I am doing some heavy calculations with Python (using OpenCV and Numpy) and in the end, I end up with a lot of memory usage (>1GB) whereby all refs should be gone and I only have the end-result (which should not be more than a few MB).
To debug this, it would be nice if I could get some stats somehow which show me how much object instances there are of what type, ordered by the total amount of memory they take (per object class).
Or even nicer: Not per object class but per source code line where the object was created (whereby I guess this info is not available unless I activate some debugging in Python which would make the calculation too slow, so I am not sure if that would be helpful).
Can I get some stats like this somehow? Or how would I debug this?
Some has missunderstood me: I only need to know how to debug the memory usage. Processing/run- time is perfect.
When you create a list object, the list object by itself takes 64 bytes of memory, and each item adds 8 bytes of memory to the size of the list because of references to other objects.
You can use it by putting the @profile decorator around any function or method and running python -m memory_profiler myscript. You'll see line-by-line memory usage once your script exits.
Memory Profiler is a pure Python module that uses the psutil module. It monitors the memory consumption of a Python job process. Also, it performs a line-by-line analysis of the memory consumption of the application. The line-by-line memory usage mode works in the same way as the line_profiler.
Python doesn't limit memory usage on your program. It will allocate as much memory as your program needs until your computer is out of memory.
I think you're searching for a python profiler ;
you have a bunch of them that you can use , like Heapy, profile or cprofile , Pysize ...
example using Heapy :
you have to include this snippet somewhere in your code:
from guppy import hpy
h = hpy()
print h.heap()
and it will give you as output:
Partition of a set of 132527 objects. Total size = 8301532 bytes.
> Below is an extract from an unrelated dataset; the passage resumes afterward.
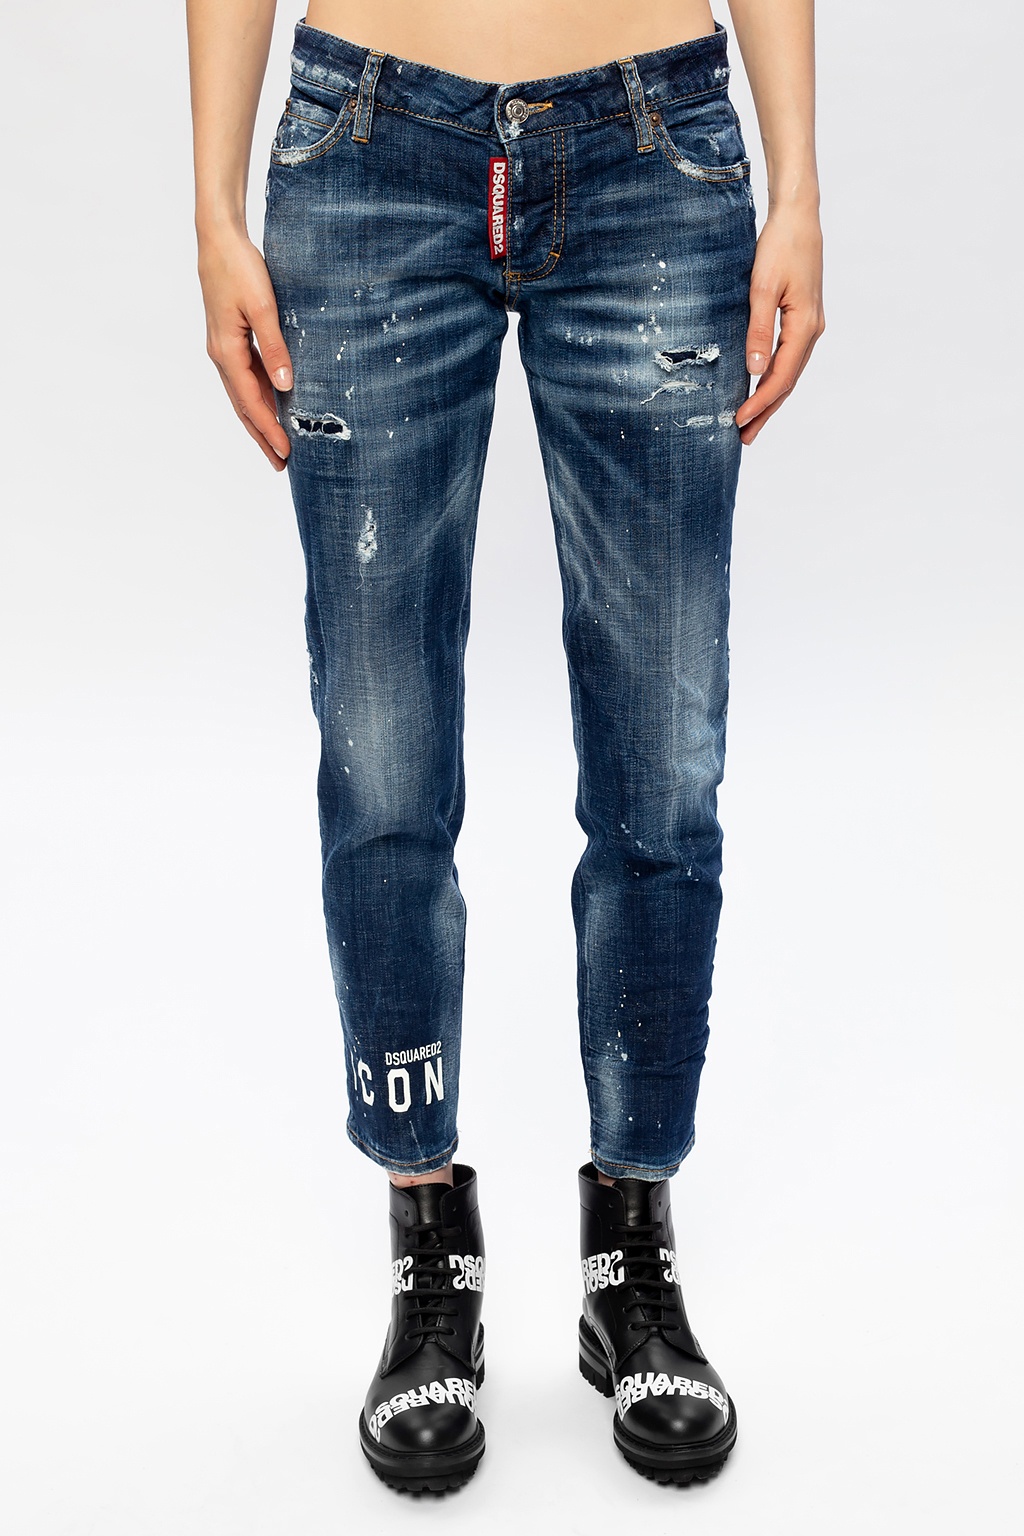 Dsquared2 ‘Jennifer Cropped’ jeans | Women's Clothing | Vitkac
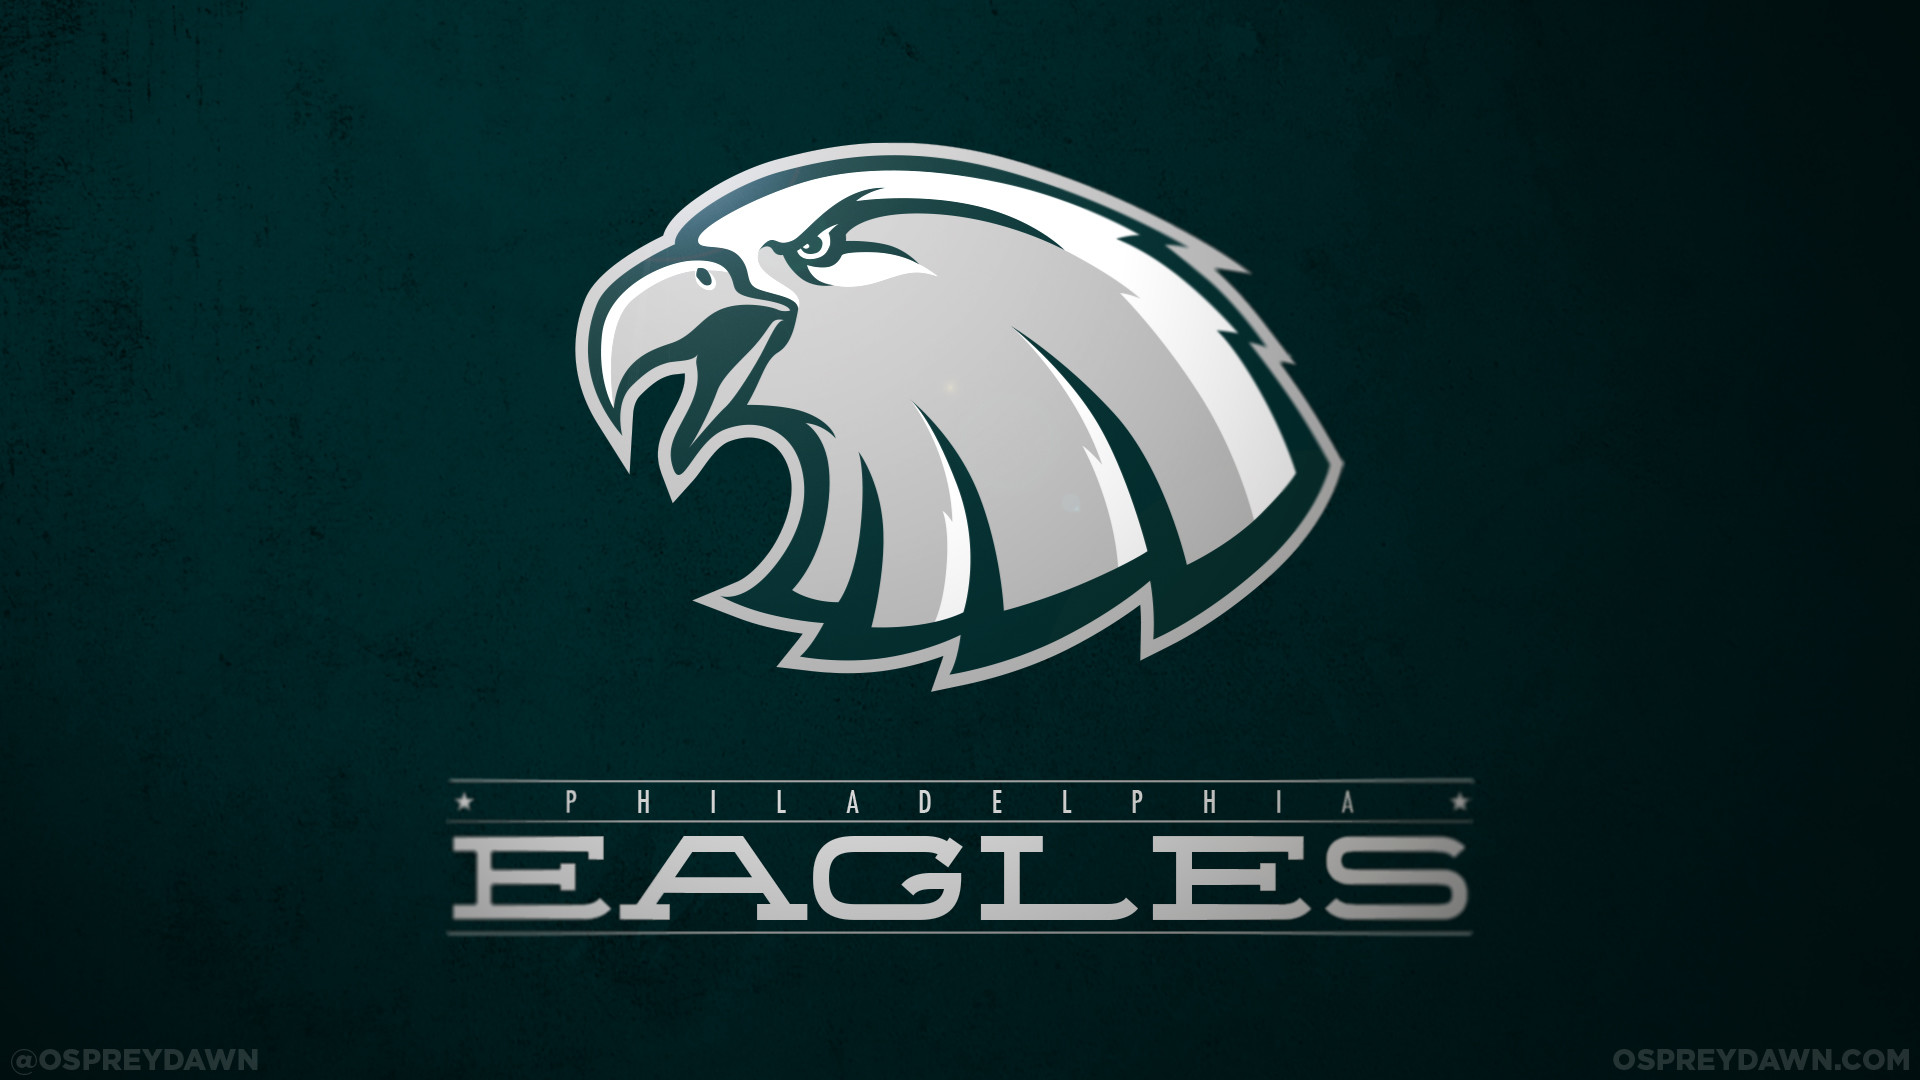 1920x1080 The Philadelphia Eagles - Osprey Dawn

Index Count % Size % Cumulative % Kind (class / dict of class)
0 35144 27 2140412 26 2140412 26 str
1 38397 29 1309020 16 3449432 42 tuple
2 530 0 739856 9 4189288 50 dict (no owner)
example with cprofile :
you can run it like this:
python -m cProfile script.py
Output:
5 function calls in 0.000 CPU seconds
Ordered by: standard name
ncalls tottime percall cumtime percall filename:lineno(function)
1 0.000 0.000 0.000 0.000 <string>:1(<module>)
1 0.000 0.000 0.000 0.000 myscript.py:1(<module>)
1 0.000 0.000 0.000 0.000 {execfile}
1 0.000 0.000 0.000 0.000 {method 'disable' of '_lsprof.Profiler' objects}
1 0.000 0.000 0.000 0.000 {range}
You can also use gc module to know why python is not freeing your memory, and to ask him to free memory using gc.collect().
By the way have you looked at numpy, i think it more suitable if you're doing heavy calculation like you said.